***** Records for the exercise *****
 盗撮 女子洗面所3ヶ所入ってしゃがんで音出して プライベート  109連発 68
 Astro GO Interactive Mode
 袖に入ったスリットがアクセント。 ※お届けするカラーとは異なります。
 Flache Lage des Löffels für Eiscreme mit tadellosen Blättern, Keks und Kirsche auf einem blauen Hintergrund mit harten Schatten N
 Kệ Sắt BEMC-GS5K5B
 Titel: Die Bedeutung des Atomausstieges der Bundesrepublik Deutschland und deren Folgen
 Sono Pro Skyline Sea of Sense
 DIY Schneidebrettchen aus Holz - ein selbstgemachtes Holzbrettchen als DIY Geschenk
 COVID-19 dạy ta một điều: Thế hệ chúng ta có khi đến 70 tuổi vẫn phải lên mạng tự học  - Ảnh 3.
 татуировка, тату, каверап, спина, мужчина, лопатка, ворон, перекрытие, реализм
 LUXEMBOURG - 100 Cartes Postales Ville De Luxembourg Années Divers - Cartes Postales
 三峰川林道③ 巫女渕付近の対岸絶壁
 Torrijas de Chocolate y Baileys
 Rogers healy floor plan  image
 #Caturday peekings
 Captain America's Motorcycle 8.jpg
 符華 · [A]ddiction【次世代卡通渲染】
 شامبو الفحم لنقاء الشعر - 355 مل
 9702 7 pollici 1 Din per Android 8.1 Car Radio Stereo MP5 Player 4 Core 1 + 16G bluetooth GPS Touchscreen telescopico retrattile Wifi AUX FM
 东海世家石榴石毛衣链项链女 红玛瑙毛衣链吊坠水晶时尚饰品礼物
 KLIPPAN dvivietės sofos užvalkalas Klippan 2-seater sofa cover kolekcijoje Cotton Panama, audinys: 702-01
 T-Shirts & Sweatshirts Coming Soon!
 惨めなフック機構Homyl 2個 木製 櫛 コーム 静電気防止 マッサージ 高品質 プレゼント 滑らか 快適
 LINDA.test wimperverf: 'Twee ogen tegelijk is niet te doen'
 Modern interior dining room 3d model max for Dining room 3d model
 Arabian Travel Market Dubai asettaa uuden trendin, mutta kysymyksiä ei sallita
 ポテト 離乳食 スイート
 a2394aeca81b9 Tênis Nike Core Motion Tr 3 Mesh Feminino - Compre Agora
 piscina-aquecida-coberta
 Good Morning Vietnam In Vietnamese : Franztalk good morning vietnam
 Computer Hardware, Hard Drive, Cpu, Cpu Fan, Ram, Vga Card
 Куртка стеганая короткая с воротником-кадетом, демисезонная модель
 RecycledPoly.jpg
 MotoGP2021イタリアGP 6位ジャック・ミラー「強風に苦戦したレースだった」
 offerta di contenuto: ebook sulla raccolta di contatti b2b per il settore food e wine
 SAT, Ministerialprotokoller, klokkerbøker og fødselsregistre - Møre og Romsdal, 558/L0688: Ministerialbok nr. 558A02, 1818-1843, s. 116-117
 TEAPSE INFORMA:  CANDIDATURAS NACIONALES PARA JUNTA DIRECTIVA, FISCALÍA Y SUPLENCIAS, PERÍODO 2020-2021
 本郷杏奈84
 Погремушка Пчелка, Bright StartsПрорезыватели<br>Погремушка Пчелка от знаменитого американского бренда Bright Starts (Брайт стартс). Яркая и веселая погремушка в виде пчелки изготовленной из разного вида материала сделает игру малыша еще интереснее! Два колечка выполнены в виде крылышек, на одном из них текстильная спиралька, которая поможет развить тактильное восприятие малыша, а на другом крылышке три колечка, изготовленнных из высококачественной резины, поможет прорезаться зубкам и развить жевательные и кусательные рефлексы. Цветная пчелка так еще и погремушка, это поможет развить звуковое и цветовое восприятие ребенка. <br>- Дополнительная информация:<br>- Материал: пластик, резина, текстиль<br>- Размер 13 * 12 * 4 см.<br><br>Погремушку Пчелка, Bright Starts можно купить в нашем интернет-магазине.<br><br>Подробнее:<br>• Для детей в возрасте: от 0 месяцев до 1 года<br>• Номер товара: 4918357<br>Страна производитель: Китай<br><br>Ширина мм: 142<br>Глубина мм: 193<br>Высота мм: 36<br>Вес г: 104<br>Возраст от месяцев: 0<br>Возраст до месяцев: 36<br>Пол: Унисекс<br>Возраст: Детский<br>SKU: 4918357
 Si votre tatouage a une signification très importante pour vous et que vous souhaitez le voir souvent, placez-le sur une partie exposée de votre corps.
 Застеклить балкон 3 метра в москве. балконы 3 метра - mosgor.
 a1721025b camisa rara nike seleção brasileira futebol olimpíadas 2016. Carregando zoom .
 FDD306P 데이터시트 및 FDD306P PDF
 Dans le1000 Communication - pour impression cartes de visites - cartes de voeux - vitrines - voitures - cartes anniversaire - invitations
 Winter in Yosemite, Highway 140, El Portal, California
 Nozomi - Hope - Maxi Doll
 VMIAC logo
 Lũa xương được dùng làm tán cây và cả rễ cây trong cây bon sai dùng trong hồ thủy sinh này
*****
*Prompt*
Each entry must be output exactly as it was written.

*Response area*
 盗撮 女子洗面所3ヶ所入ってしゃがんで音出して プライベート  109連発 68
 Astro GO Interactive Mode
 袖に入ったスリットがアクセント。 ※お届けするカラーとは異なります。
 Flache Lage des Löffels für Eiscreme mit tadellosen Blättern, Keks und Kirsche auf einem blauen Hintergrund mit harten Schatten N
 Kệ Sắt BEMC-GS5K5B
 Titel: Die Bedeutung des Atomausstieges der Bundesrepublik Deutschland und deren Folgen
 Sono Pro Skyline Sea of Sense
 DIY Schneidebrettchen aus Holz - ein selbstgemachtes Holzbrettchen als DIY Geschenk
 COVID-19 dạy ta một điều: Thế hệ chúng ta có khi đến 70 tuổi vẫn phải lên mạng tự học  - Ảnh 3.
 татуировка, тату, каверап, спина, мужчина, лопатка, ворон, перекрытие, реализм
 LUXEMBOURG - 100 Cartes Postales Ville De Luxembourg Années Divers - Cartes Postales
 三峰川林道③ 巫女渕付近の対岸絶壁
 Torrijas de Chocolate y Baileys
 Rogers healy floor plan  image
 #Caturday peekings
 Captain America's Motorcycle 8.jpg
 符華 · [A]ddiction【次世代卡通渲染】
 شامبو الفحم لنقاء الشعر - 355 مل
 9702 7 pollici 1 Din per Android 8.1 Car Radio Stereo MP5 Player 4 Core 1 + 16G bluetooth GPS Touchscreen telescopico retrattile Wifi AUX FM
 东海世家石榴石毛衣链项链女 红玛瑙毛衣链吊坠水晶时尚饰品礼物
 KLIPPAN dvivietės sofos užvalkalas Klippan 2-seater sofa cover kolekcijoje Cotton Panama, audinys: 702-01
 T-Shirts & Sweatshirts Coming Soon!
 惨めなフック機構Homyl 2個 木製 櫛 コーム 静電気防止 マッサージ 高品質 プレゼント 滑らか 快適
 LINDA.test wimperverf: 'Twee ogen tegelijk is niet te doen'
 Modern interior dining room 3d model max for Dining room 3d model
 Arabian Travel Market Dubai asettaa uuden trendin, mutta kysymyksiä ei sallita
 ポテト 離乳食 スイート
 a2394aeca81b9 Tênis Nike Core Motion Tr 3 Mesh Feminino - Compre Agora
 piscina-aquecida-coberta
 Good Morning Vietnam In Vietnamese : Franztalk good morning vietnam
 Computer Hardware, Hard Drive, Cpu, Cpu Fan, Ram, Vga Card
 Куртка стеганая короткая с воротником-кадетом, демисезонная модель
 RecycledPoly.jpg
 MotoGP2021イタリアGP 6位ジャック・ミラー「強風に苦戦したレースだった」
 offerta di contenuto: ebook sulla raccolta di contatti b2b per il settore food e wine
 SAT, Ministerialprotokoller, klokkerbøker og fødselsregistre - Møre og Romsdal, 558/L0688: Ministerialbok nr. 558A02, 1818-1843, s. 116-117
 TEAPSE INFORMA:  CANDIDATURAS NACIONALES PARA JUNTA DIRECTIVA, FISCALÍA Y SUPLENCIAS, PERÍODO 2020-2021
 本郷杏奈84
 Погремушка Пчелка, Bright StartsПрорезыватели<br>Погремушка Пчелка от знаменитого американского бренда Bright Starts (Брайт стартс). Яркая и веселая погремушка в виде пчелки изготовленной из разного вида материала сделает игру малыша еще интереснее! Два колечка выполнены в виде крылышек, на одном из них текстильная спиралька, которая поможет развить тактильное восприятие малыша, а на другом крылышке три колечка, изготовленнных из высококачественной резины, поможет прорезаться зубкам и развить жевательные и кусательные рефлексы. Цветная пчелка так еще и погремушка, это поможет развить звуковое и цветовое восприятие ребенка. <br>- Дополнительная информация:<br>- Материал: пластик, резина, текстиль<br>- Размер 13 * 12 * 4 см.<br><br>Погремушку Пчелка, Bright Starts можно купить в нашем интернет-магазине.<br><br>Подробнее:<br>• Для детей в возрасте: от 0 месяцев до 1 года<br>• Номер товара: 4918357<br>Страна производитель: Китай<br><br>Ширина мм: 142<br>Глубина мм: 193<br>Высота мм: 36<br>Вес г: 104<br>Возраст от месяцев: 0<br>Возраст до месяцев: 36<br>Пол: Унисекс<br>Возраст: Детский<br>SKU: 4918357
 Si votre tatouage a une signification très importante pour vous et que vous souhaitez le voir souvent, placez-le sur une partie exposée de votre corps.
 Застеклить балкон 3 метра в москве. балконы 3 метра - mosgor.
 a1721025b camisa rara nike seleção brasileira futebol olimpíadas 2016. Carregando zoom .
 FDD306P 데이터시트 및 FDD306P PDF
 Dans le1000 Communication - pour impression cartes de visites - cartes de voeux - vitrines - voitures - cartes anniversaire - invitations
 Winter in Yosemite, Highway 140, El Portal, California
 Nozomi - Hope - Maxi Doll
 VMIAC logo
 Lũa xương được dùng làm tán cây và cả rễ cây trong cây bon sai dùng trong hồ thủy sinh này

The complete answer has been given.